Дубровский поклонился, взял листы, откашлялся и басистым голосом начал:
— «Указ нашего императорского величества самодержавца всероссийского верноподданным рабам, сынам отечества, наблюдателям общего спокойствия и тишины».
— Добавь, отколь указ. Из Государственной военной, мол, коллегии, — заметил Пугачев.
— Эх, запамятовал…
— «Мы отеческим нашим милосердием и попечением жалуем всех верноподданных наших, кои помнят долг свой к нам присяги, вольностью, без всякого требования в казну подушных и прочих податей и рекрутов к набору, коими казна сама собою довольствоваться может, а войско наше из вольножелающих к службе нашей великое начисление иметь будет. Сверх того, в России дворянство крестьян своих великими работами и податями отягчать не будет, понеже каждый восчувствует вольность и свободу».
— Ладно, — похвалил Пугачев. — Точь-в-точь как толковал я тебе. Токмо надлежало бы насчет подушных, да податей, да вольности, да рекрутского набора появственней, чтоб запомнили, чтоб сразу в башку вдарило да влипло.
— Перебелять буду, покрупней выделю сие…
— Во, во… Такожде и насчет дворянства. Пишешь, что крестьян великими-де работами да податями господишки отягчать не станут… Просто сказать бы: вешать-де дворян к чертовой бабушке, башки рубить! — Взор Пугачева засверкал. — Еще добавь, Лексей, насчет Катькиных войск, чтоб все мои верноподданные истребляли оных злодеев, аки саранчу, и себя тем злодеям в обиду не отдавали бы.
— А это дальше прописано, как вы повелеть изволили. Дозвольте огласить указ главному над мещеряками полковнику Канзафару Усаеву, как вы внушали мне утресь, когда учиняли променаду.
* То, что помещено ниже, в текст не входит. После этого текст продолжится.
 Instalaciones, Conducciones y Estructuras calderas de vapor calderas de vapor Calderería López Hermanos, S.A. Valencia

— «Усмотрев, государь, твои прежние справедливости службы, так и ныне повелевает тебе ниже сего поверенные приказы исполнять. Во-первых, получа тебе сей указ и приложенный при сем именной манифест, во объявление не склоняющемуся народу во всех жительствах, в которых ты склонение иметь будешь… дабы они под скипетр его императорского величества склонялись…»
— Прибавь: «доброупорядочно».
— «…склонялись доброупорядочно, который по получении всероссийского престола от всяких прежде находившихся податей…»
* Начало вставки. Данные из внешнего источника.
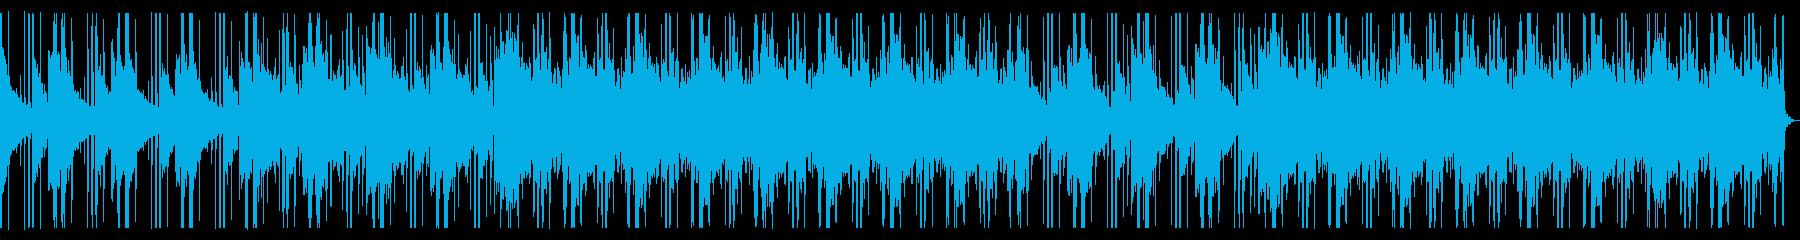 解放されるようなBGM_No631_1の再生済みの波形

— Прибавь: «от бояр и завистцев несытного богатства».
— Слушаю. — Дубровский взял из-за уха гусиное перо, обмакнул в походную, привязанную к поясу медную чернильницу, вписал.
Вошел дежурный Яким Давилин.
— Творогов, ваше величество, желает твою милость видеть…
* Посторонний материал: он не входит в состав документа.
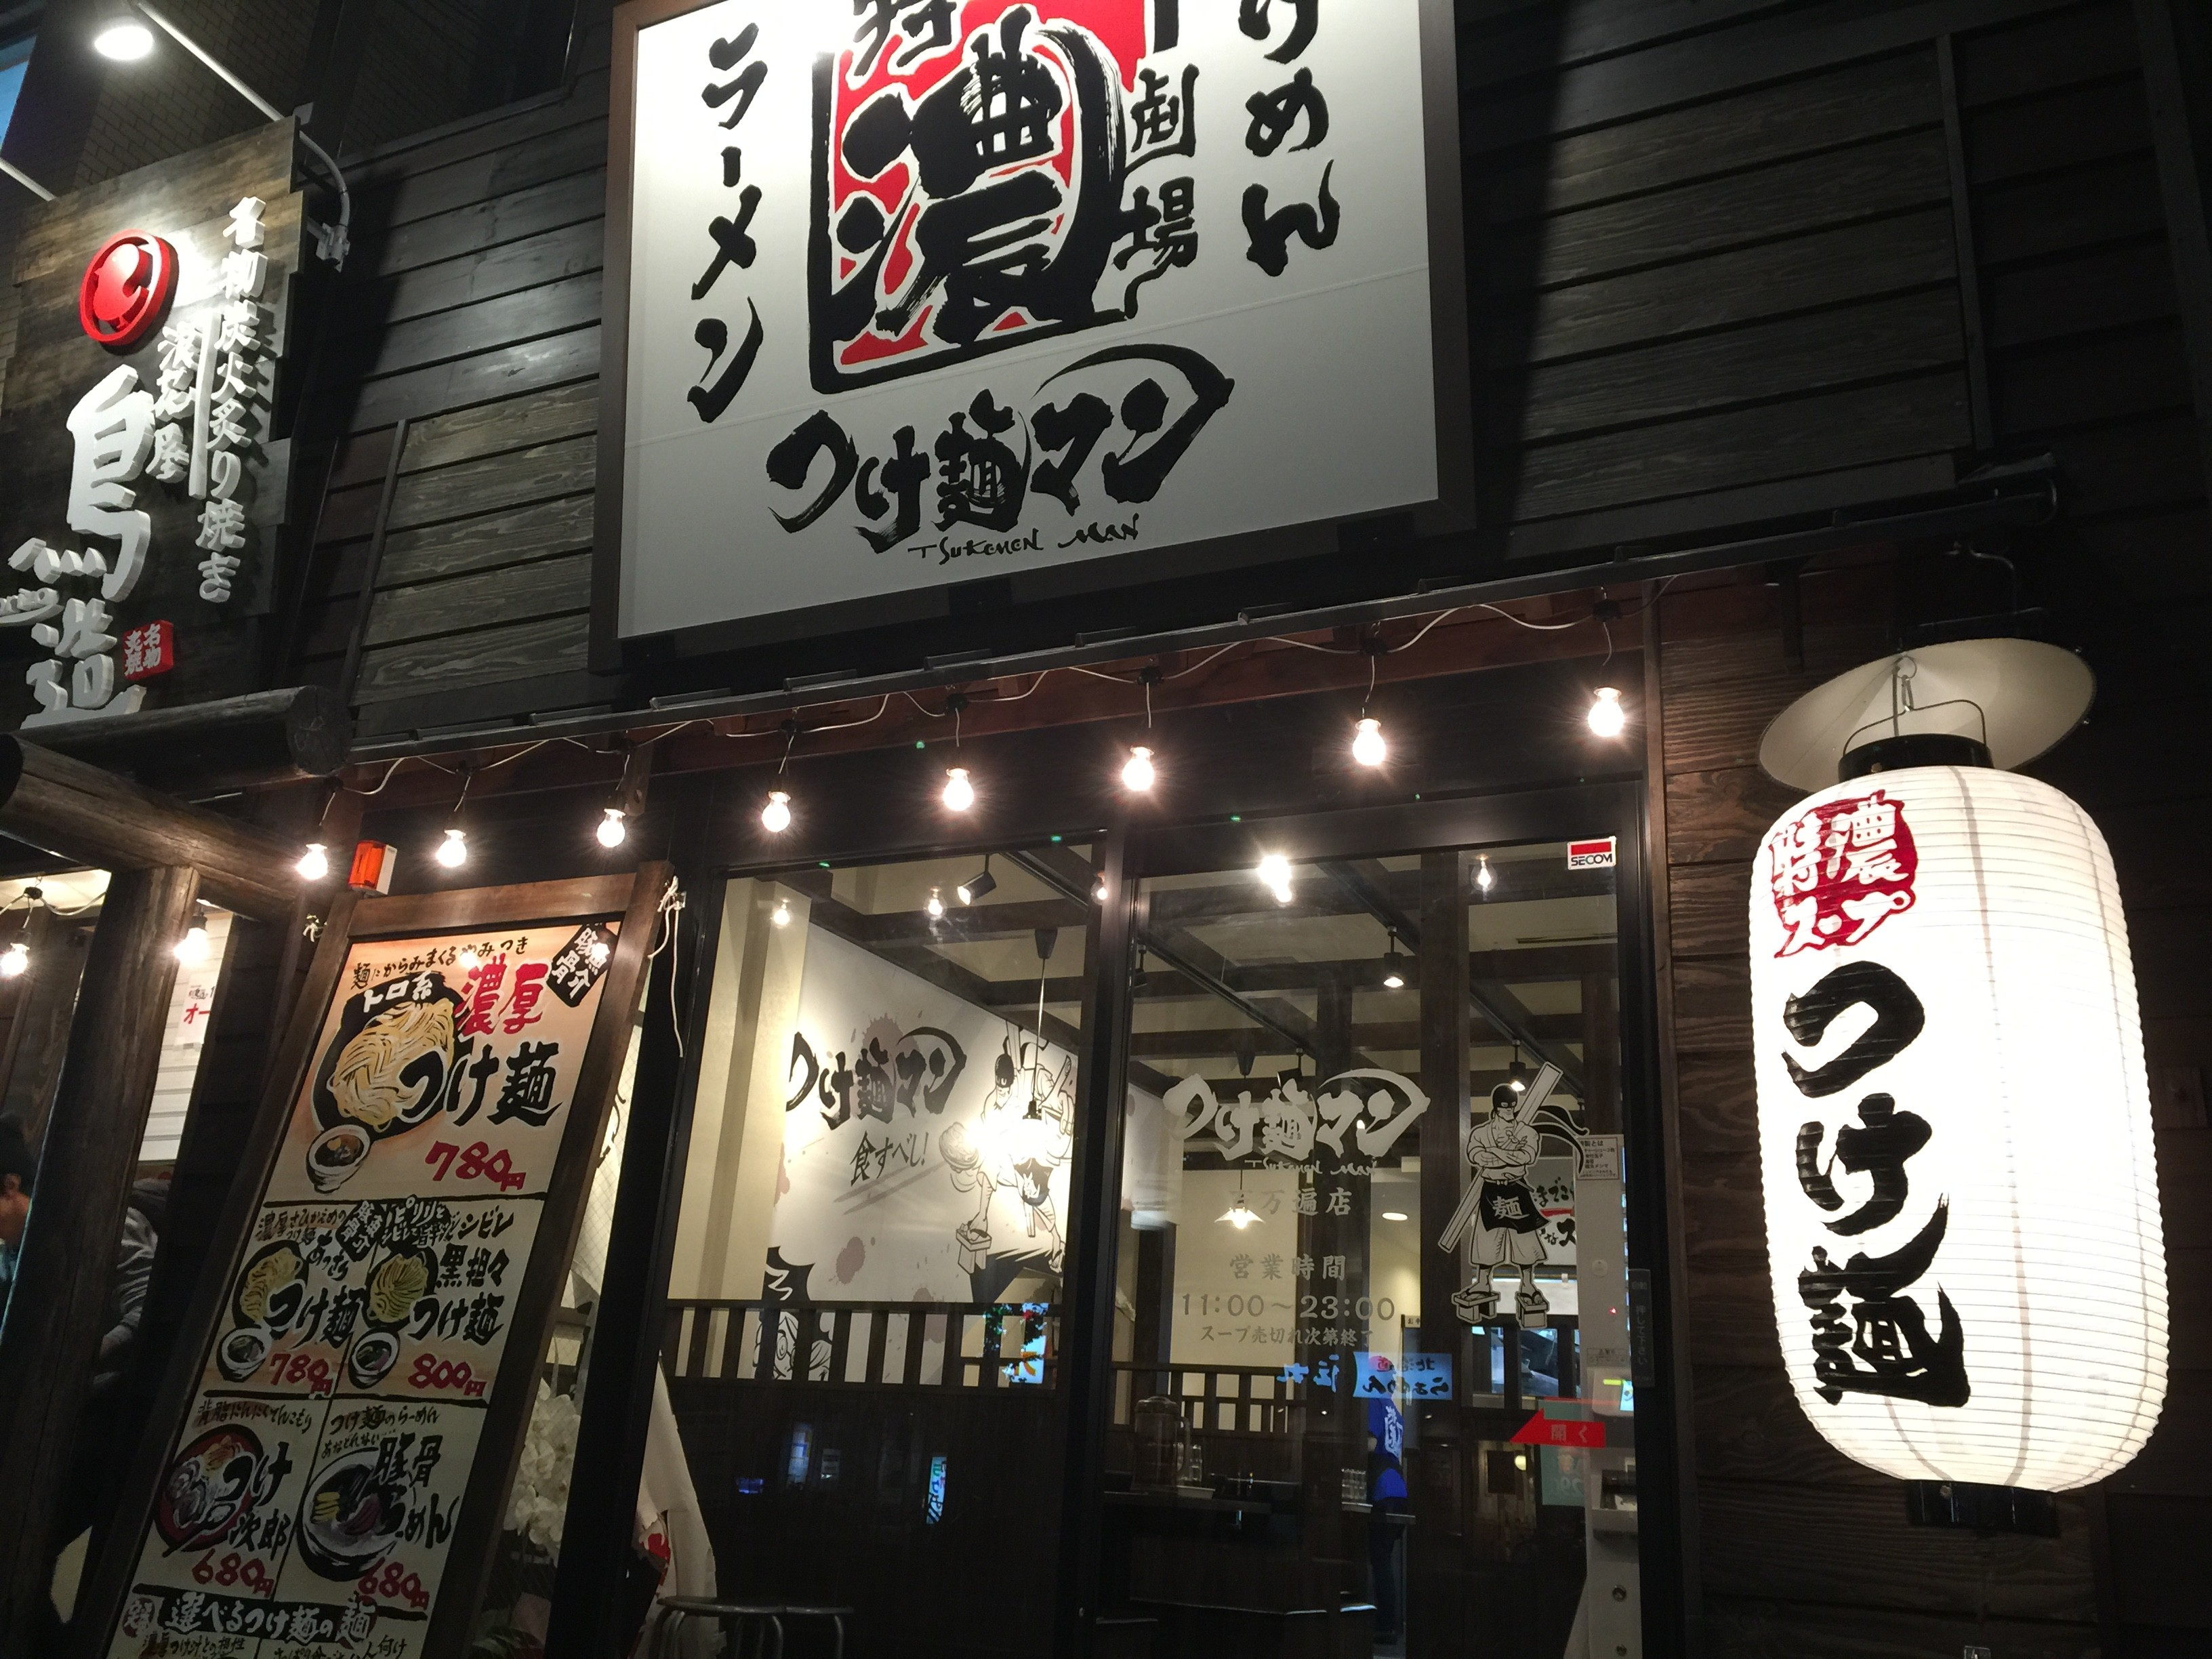 つけ麺マン烏丸今出川店 のアルバイト情報

— Чего без зову лезешь? — вспылил Пугачев. — Видишь, государственными делами занимаюсь… Ну, что Творогов?
— Творогов Иван Лександрыч привел нового повытчика…
— Нет нового повытчика, пока я не поставил! — опять вспылил Пугачев. — Ну? — Ощо привел он писчиков да толмачей, указы твои на татарскую речь поворачивать…
— Пусть торчат в Военной коллегии, зову ждут. И с Твороговым вместях. И ты не лезь, стой за дверьми, пока не покличу. Да пущай Творогов сготовит башкирцев да русских человек с двадцать, пущай на конь сядут да указы, да манифесты мои в ночь развезут по жительствам. Чтоб стрелой летели, вмах! Слышь, Давилин, дакось какую тряпицу почище, рожу утерть, взопрел.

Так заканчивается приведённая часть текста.